Bulletin Boards

When I first started teaching, I changed bulletin boards monthly – always with, what I perceived was a “cute” theme.  Laminated cutouts, tracings from an overhead projector…. I diligently changed the boards in my classroom to reflect seasons and my own idea of what would make the classroom seem cute or homey.

Oh boy, have things changed! Next Tuesday, when my students enter our shared space for the first time since last June, those cute, decorative, perfect bulletin boards will be missing in action.

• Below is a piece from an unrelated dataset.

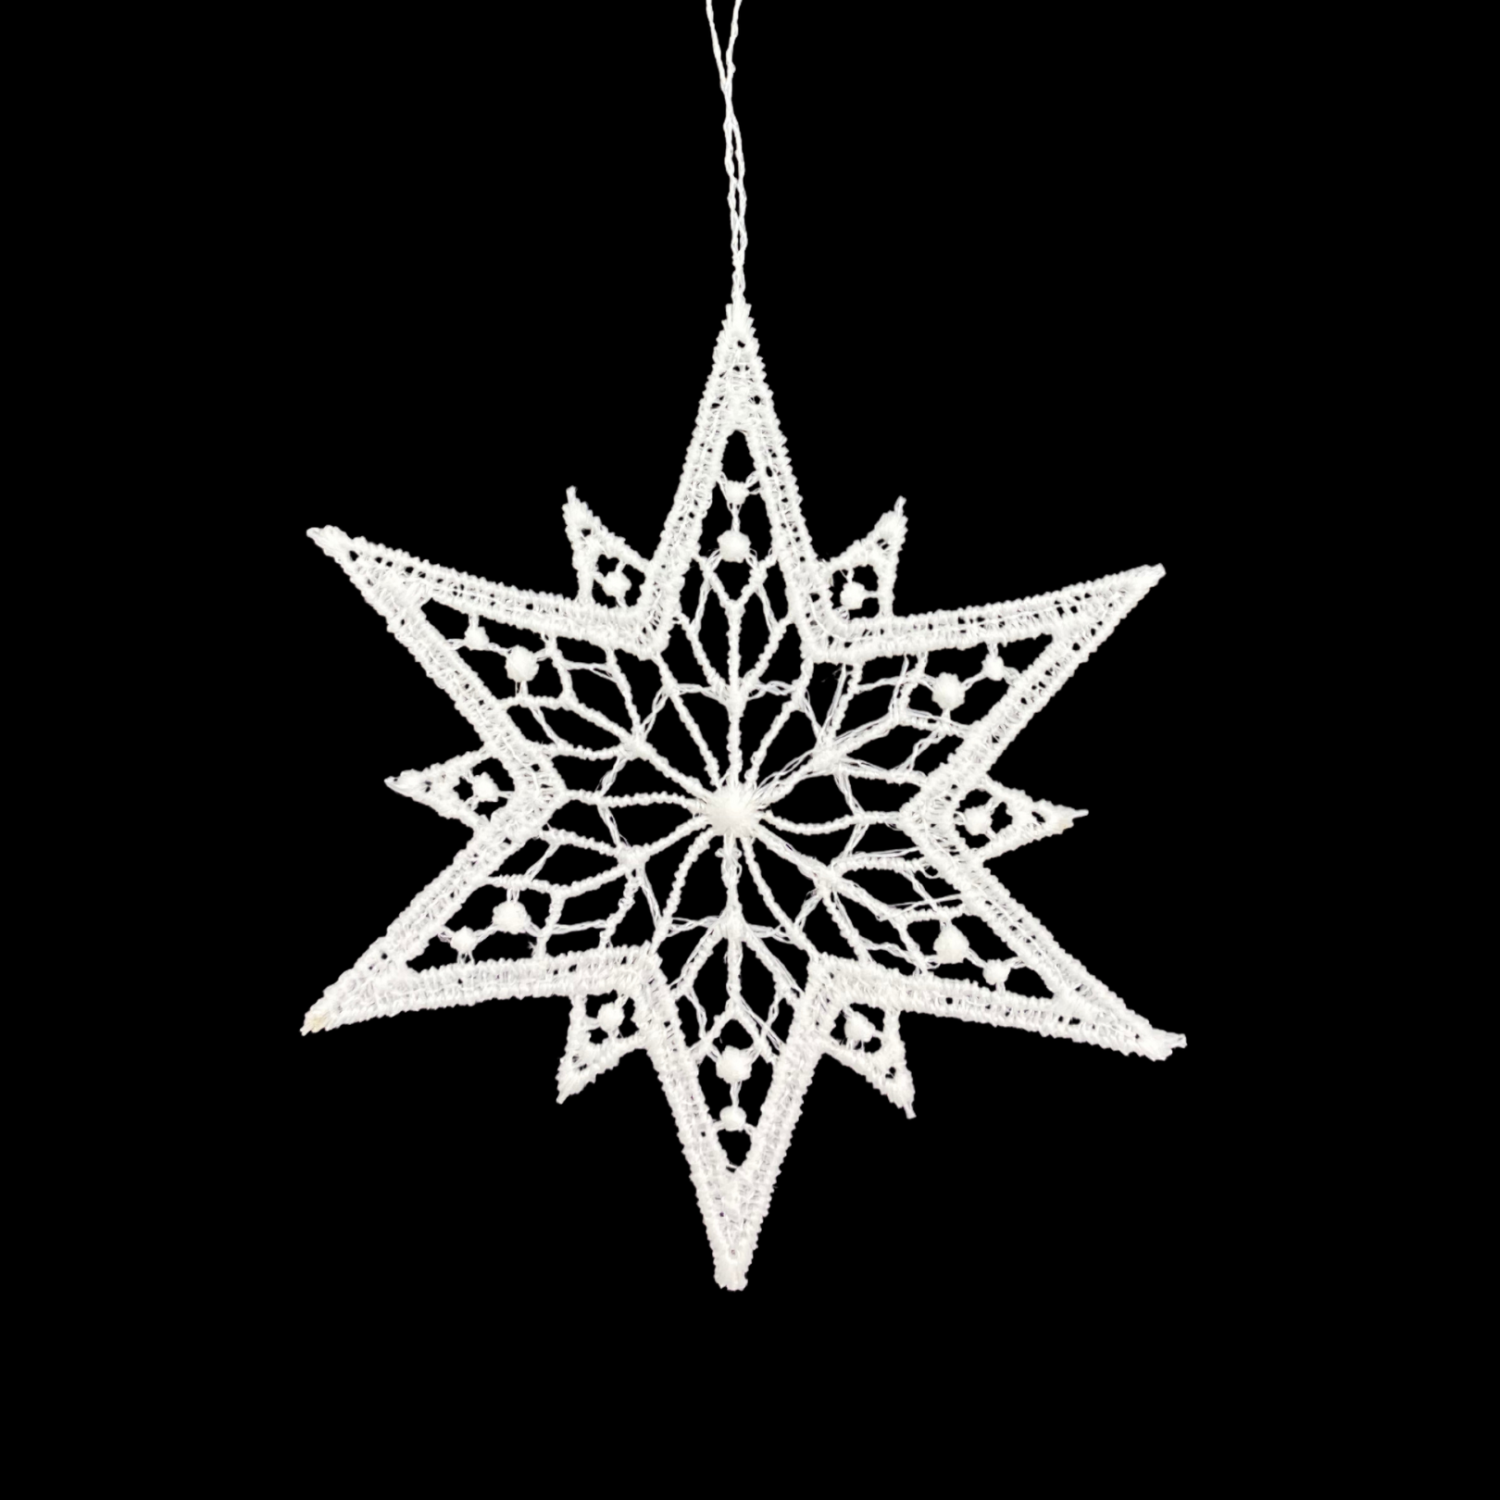 Lace Star #4 Ornament by Stickservice Patrick Vogel

Why? Several reasons. Over time, I’ve recognized that the perfect, teacher-created bulletin boards can create a dizzying space. While I don’t want the walls to be institutionally devoid of anything, there is a balance needed. Kids don’t need to have more stuff to distract them. So, mainly anything I put on the walls is necessary as a reminder (example: Daily Five I-Charts) and mostly co-created with my kids.

Now I use one color for a background throughout the classroom. Following Gail Boushey and Joan Moser’s lead (the “2 Sisters“), I use a very light pink which is easy on the eyes and not a distraction from what will end up on those boards. IMG_0008_2

Putting up backgrounds is tedious, measuring, pulling the material taut and stapling it to the ugly grey material of the board takes lots of time. When I used to use construction paper, it would fade very quickly. So for the last several years, I’ve “invested” in plastic table cloths from our local party store. This material doesn’t fade, stays up, and staple/pin holes are pretty minimal. And they are inexpensive. Sweet!

Similarly, I use a border that stays in the background, but ties all of the display areas together cohesively.  The black border that I have chosen is a simple, corrugated, plain border which just happens to be reasonably inexpensive.

As you can see, outside of the bare bones of what will become our CAFE board and an alphabet strip, the boards are bare and ready for the students and me to begin creating essential reminders of what we are learning or student work.

We are (almost) ready for the first day.